__Task to carry out__:
Please write out the listing exactly, leaving each picture out.

START Collected material

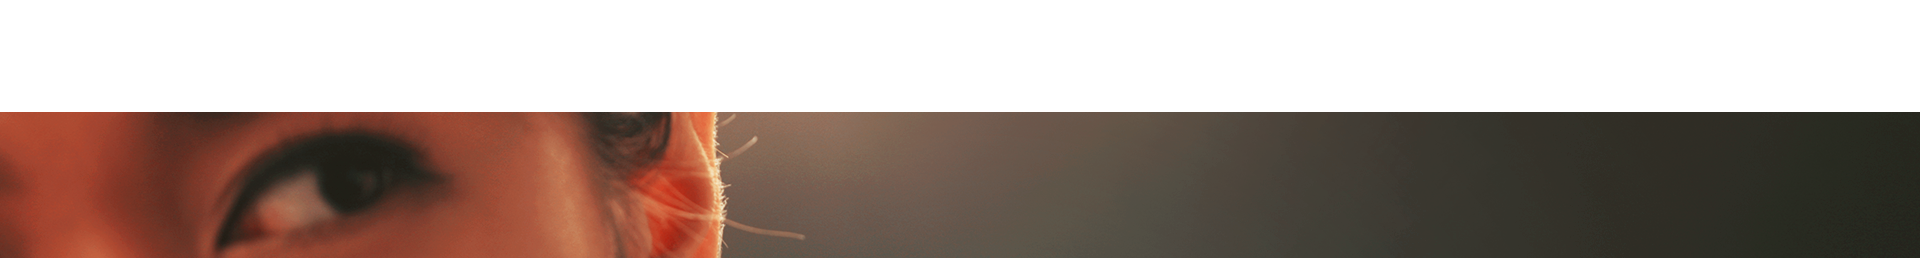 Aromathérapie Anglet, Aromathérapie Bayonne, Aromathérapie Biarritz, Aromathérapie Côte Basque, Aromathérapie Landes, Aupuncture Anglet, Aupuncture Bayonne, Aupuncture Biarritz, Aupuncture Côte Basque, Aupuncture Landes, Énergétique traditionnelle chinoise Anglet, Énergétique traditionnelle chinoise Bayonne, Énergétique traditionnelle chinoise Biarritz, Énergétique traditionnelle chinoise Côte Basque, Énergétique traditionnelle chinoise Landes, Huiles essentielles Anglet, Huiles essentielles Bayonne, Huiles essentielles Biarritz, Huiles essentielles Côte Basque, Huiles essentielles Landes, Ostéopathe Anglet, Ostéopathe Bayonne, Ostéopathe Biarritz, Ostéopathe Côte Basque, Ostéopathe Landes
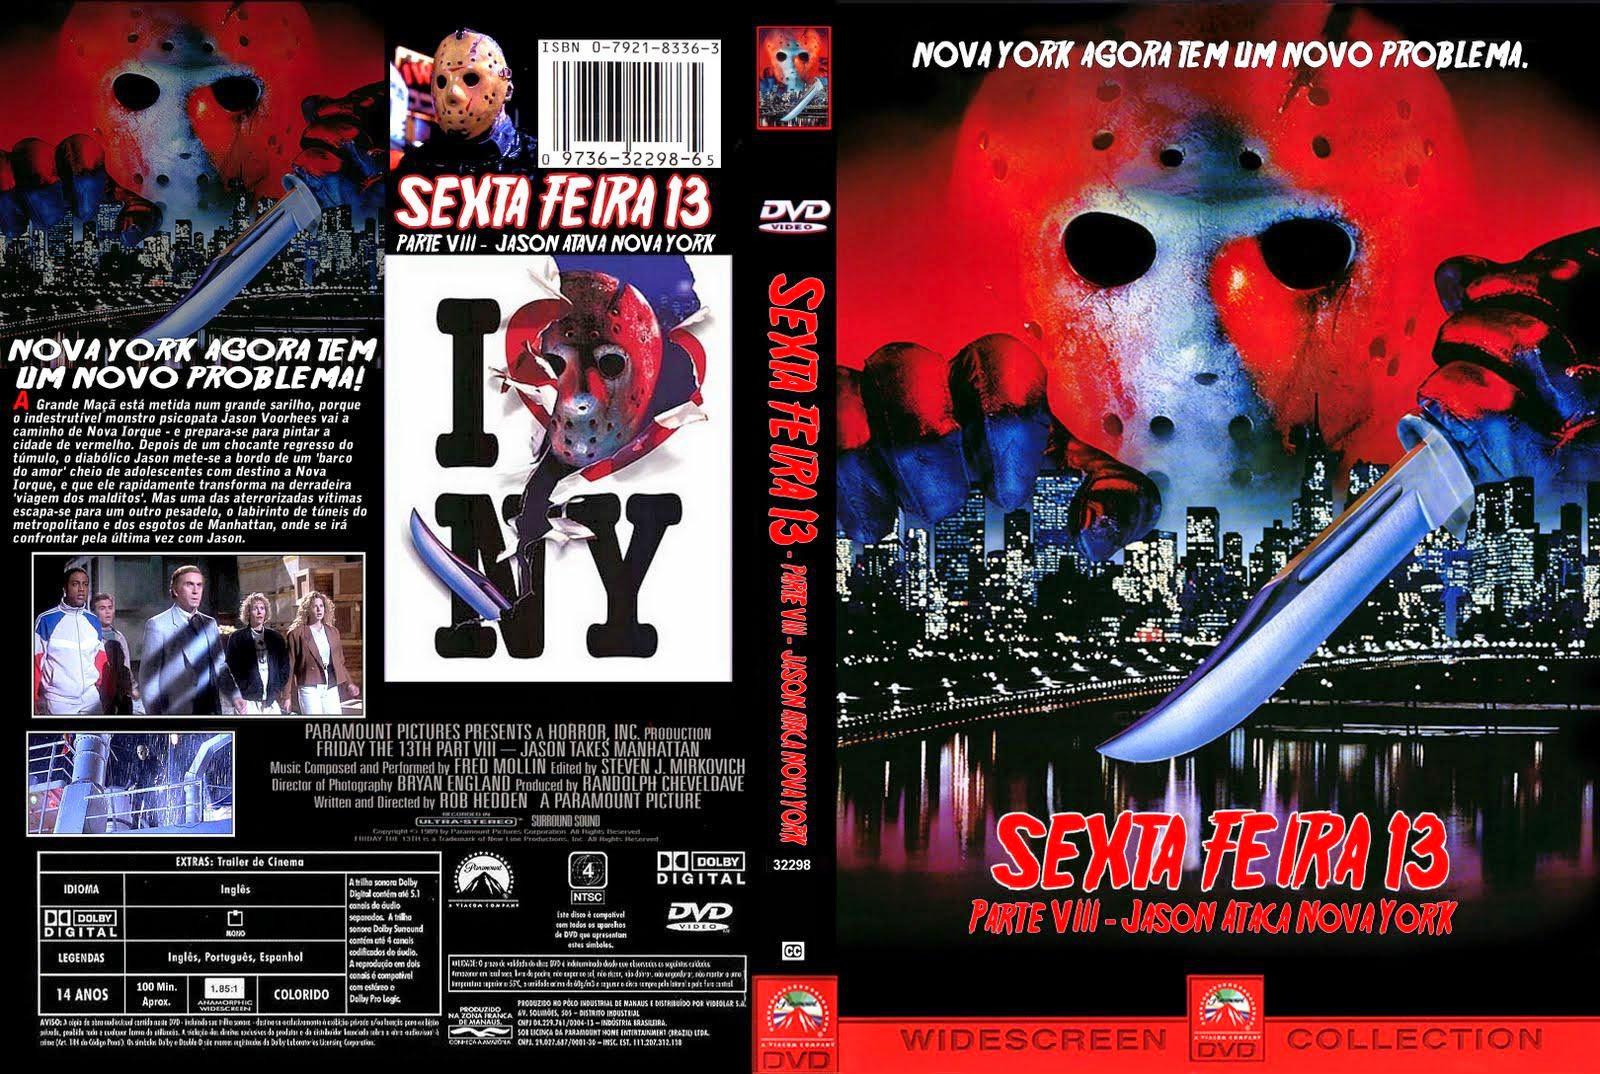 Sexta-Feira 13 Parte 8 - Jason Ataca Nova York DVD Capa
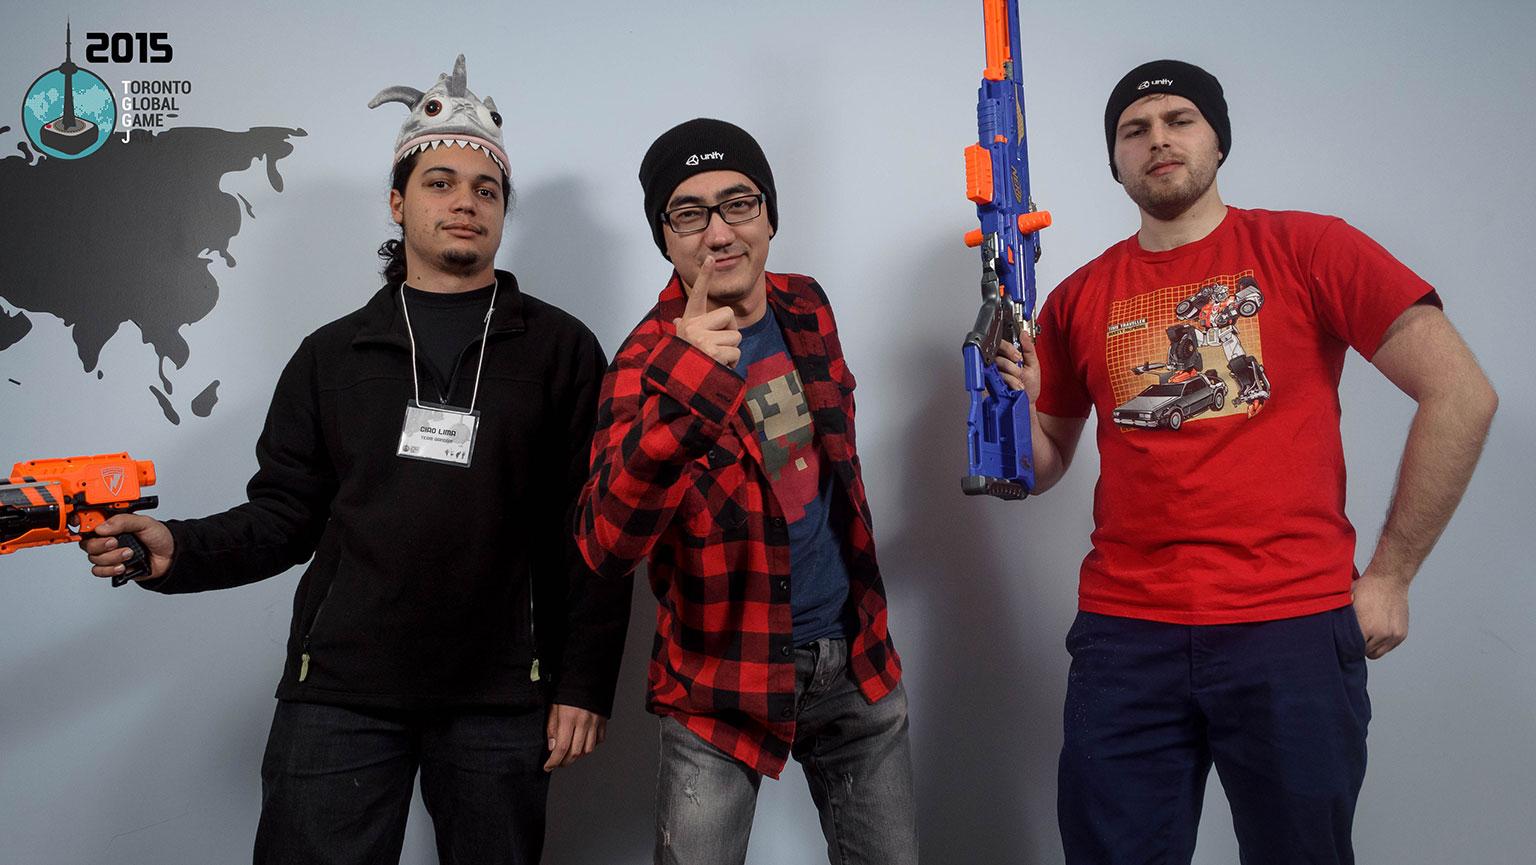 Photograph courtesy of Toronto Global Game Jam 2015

END Collected material

__Response__:
 Aromathérapie Anglet, Aromathérapie Bayonne, Aromathérapie Biarritz, Aromathérapie Côte Basque, Aromathérapie Landes, Aupuncture Anglet, Aupuncture Bayonne, Aupuncture Biarritz, Aupuncture Côte Basque, Aupuncture Landes, Énergétique traditionnelle chinoise Anglet, Énergétique traditionnelle chinoise Bayonne, Énergétique traditionnelle chinoise Biarritz, Énergétique traditionnelle chinoise Côte Basque, Énergétique traditionnelle chinoise Landes, Huiles essentielles Anglet, Huiles essentielles Bayonne, Huiles essentielles Biarritz, Huiles essentielles Côte Basque, Huiles essentielles Landes, Ostéopathe Anglet, Ostéopathe Bayonne, Ostéopathe Biarritz, Ostéopathe Côte Basque, Ostéopathe Landes
 Sexta-Feira 13 Parte 8 - Jason Ataca Nova York DVD Capa
 Photograph courtesy of Toronto Global Game Jam 2015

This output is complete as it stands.